## YOUR TASK
What is needed is every line from the one holding "new order of fashion.jpg" to the last line of the data below, printed exactly and without pictures.

## GIVEN MATERIAL
------------------------------------------------

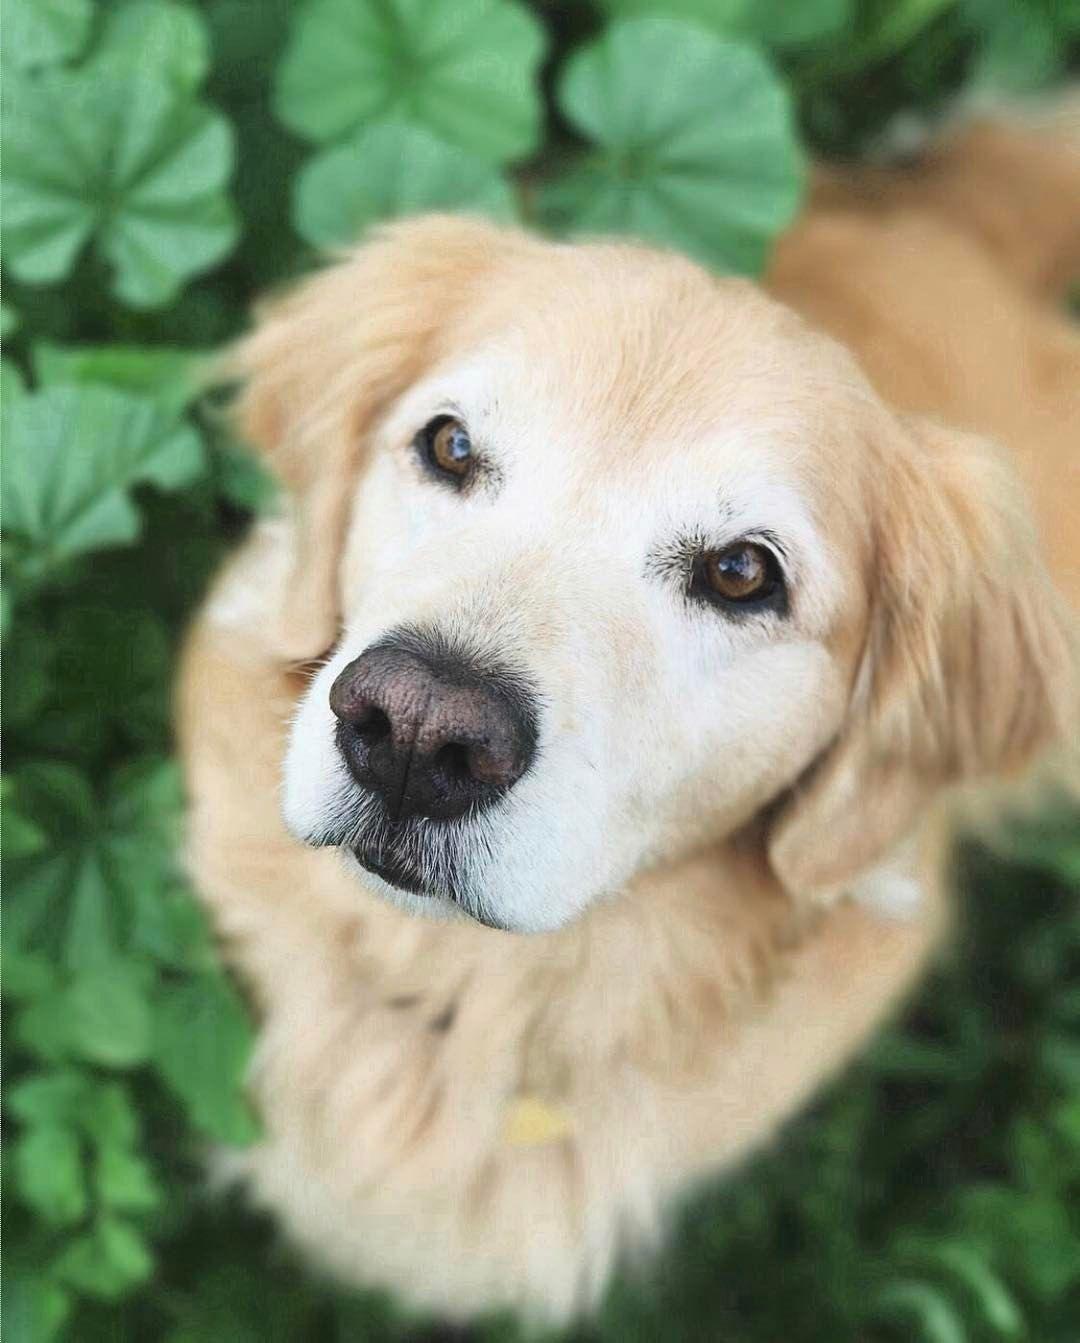 That Sweet White Face Of A Golden Golden Retriever Dog
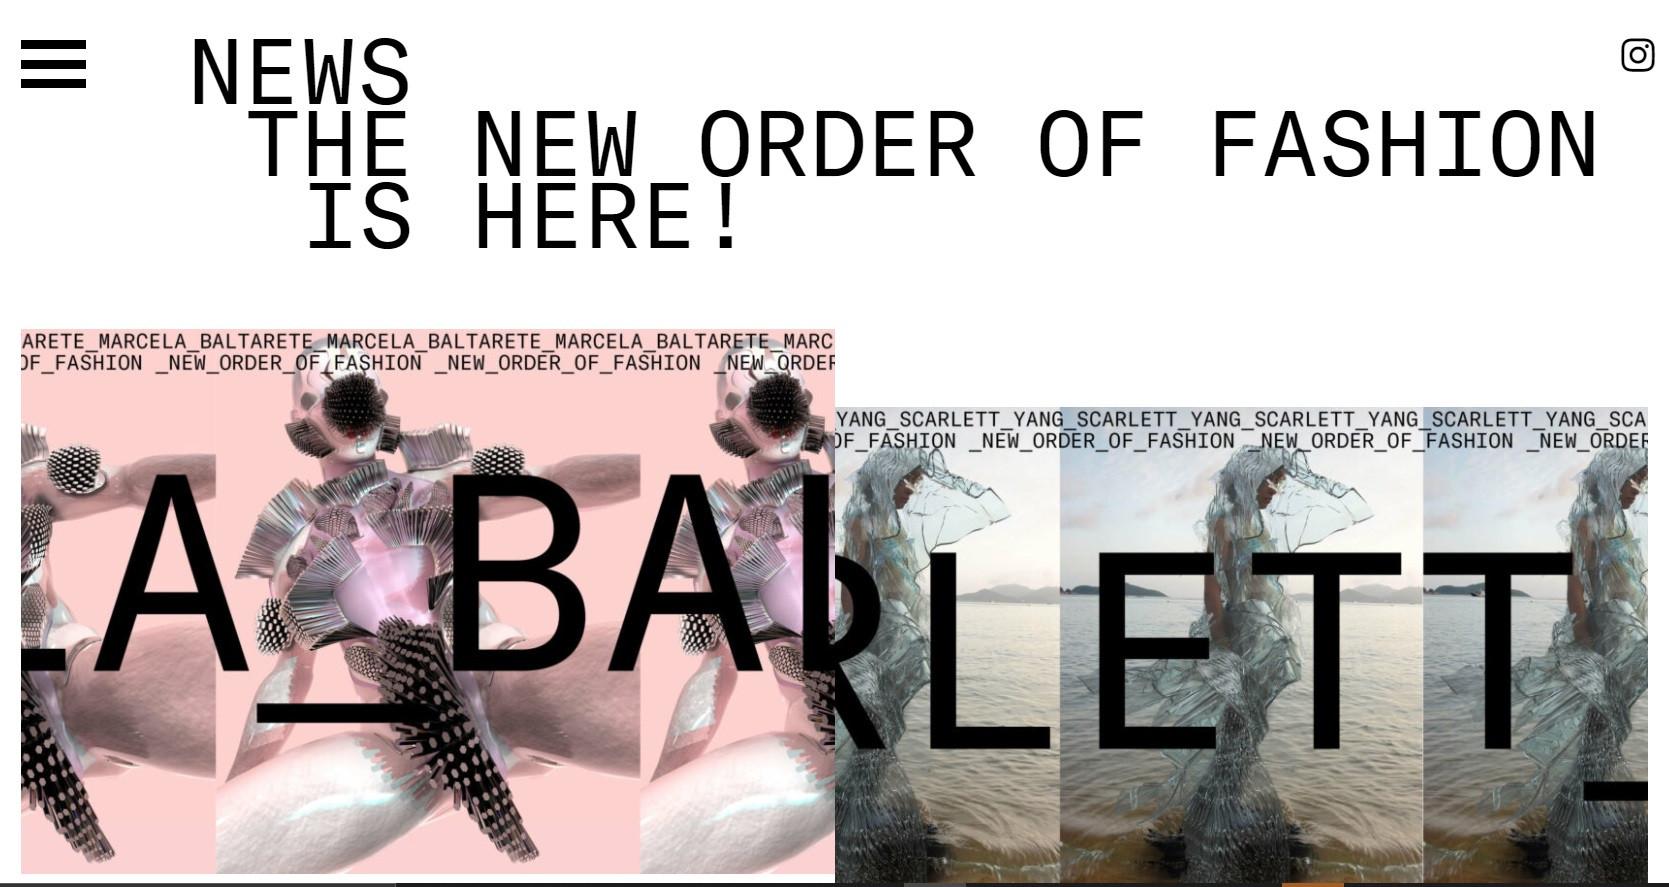 new order of fashion.jpg
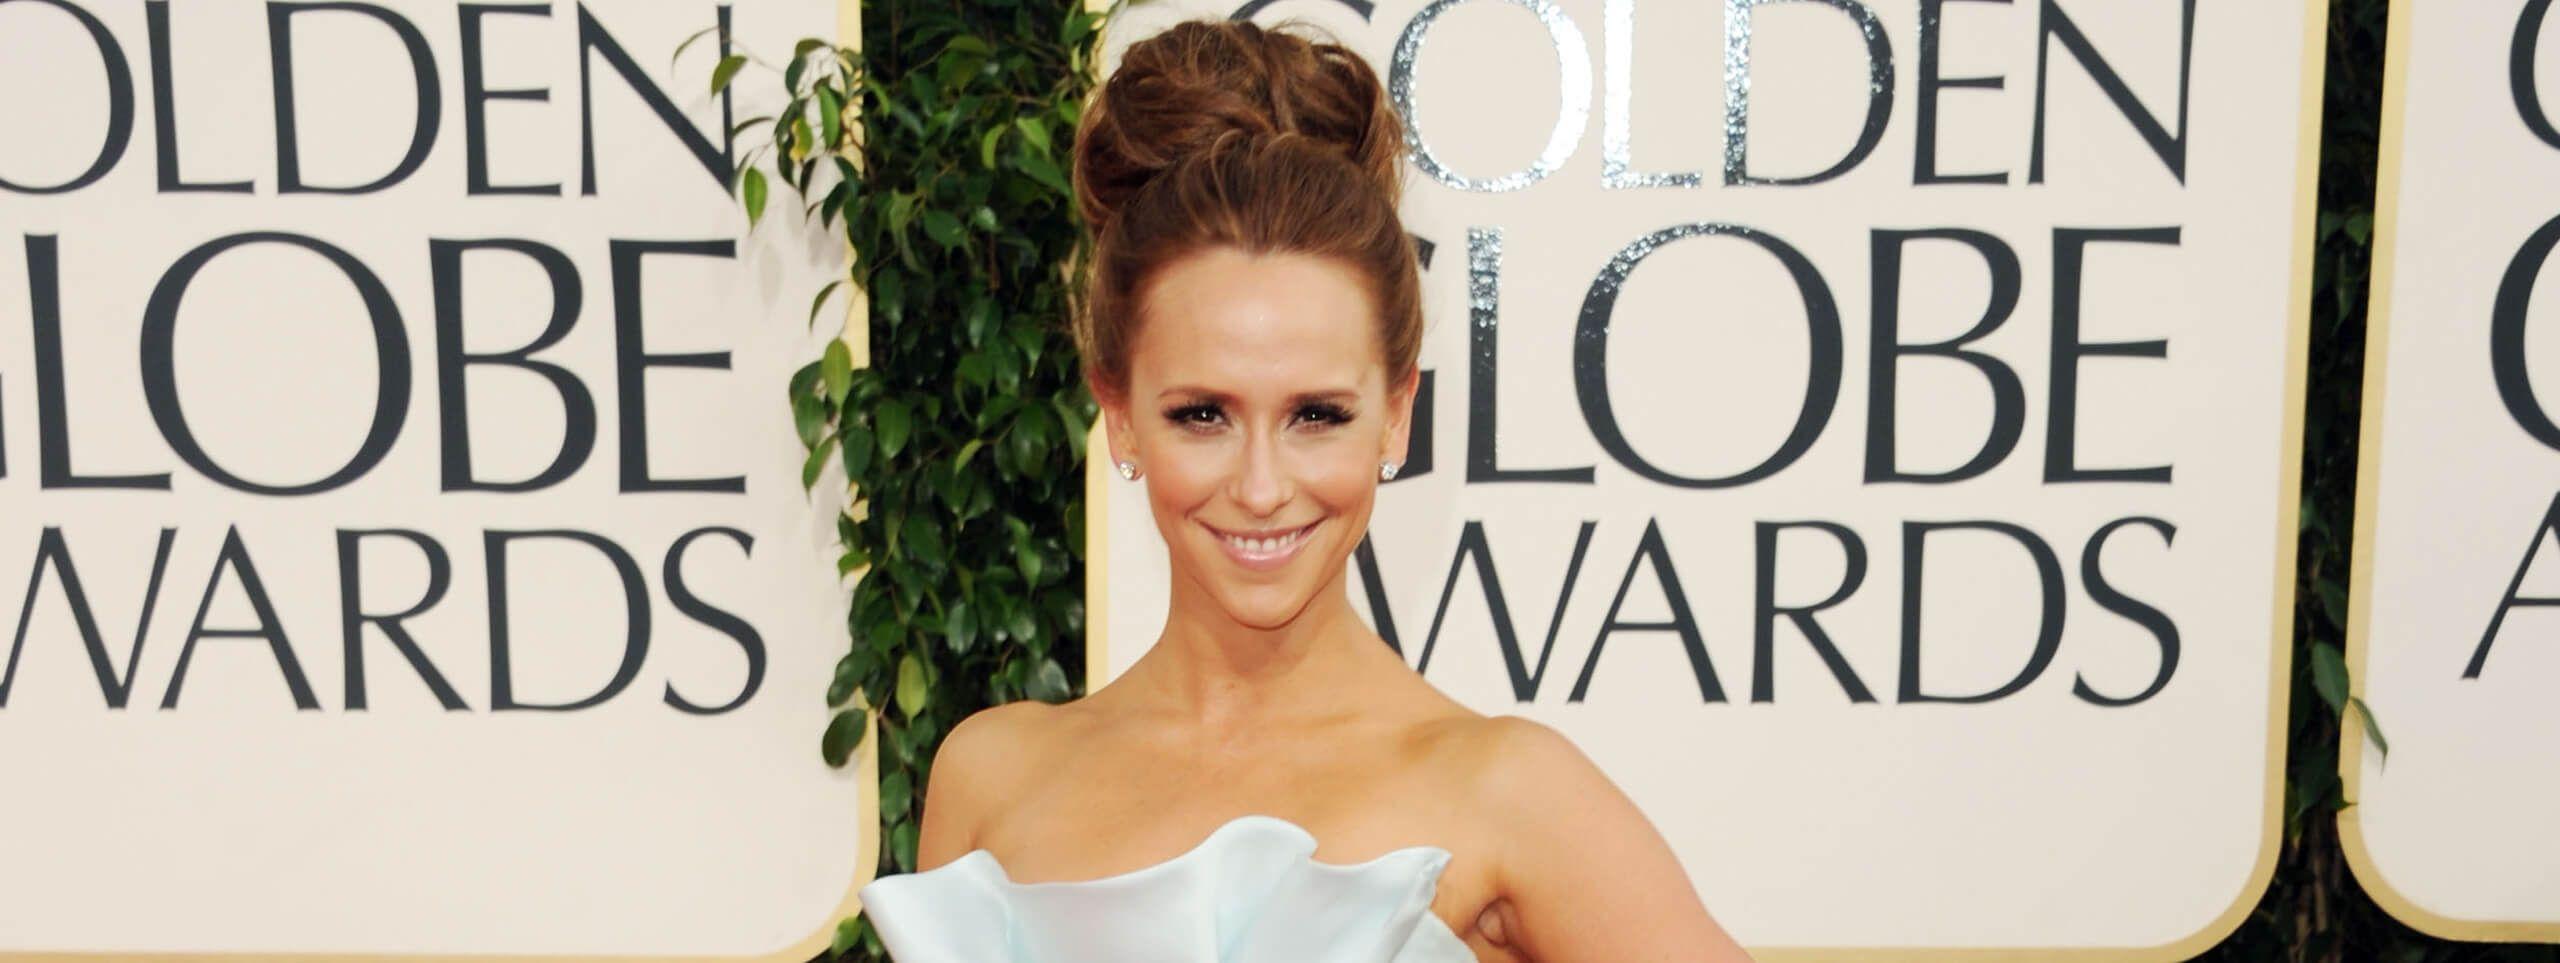 Jennifer Love-Hewitt wears classic chignon hairstyle

------------------------------------------------

## OUTPUT FOR THIS EXERCISE
 new order of fashion.jpg
 Jennifer Love-Hewitt wears classic chignon hairstyle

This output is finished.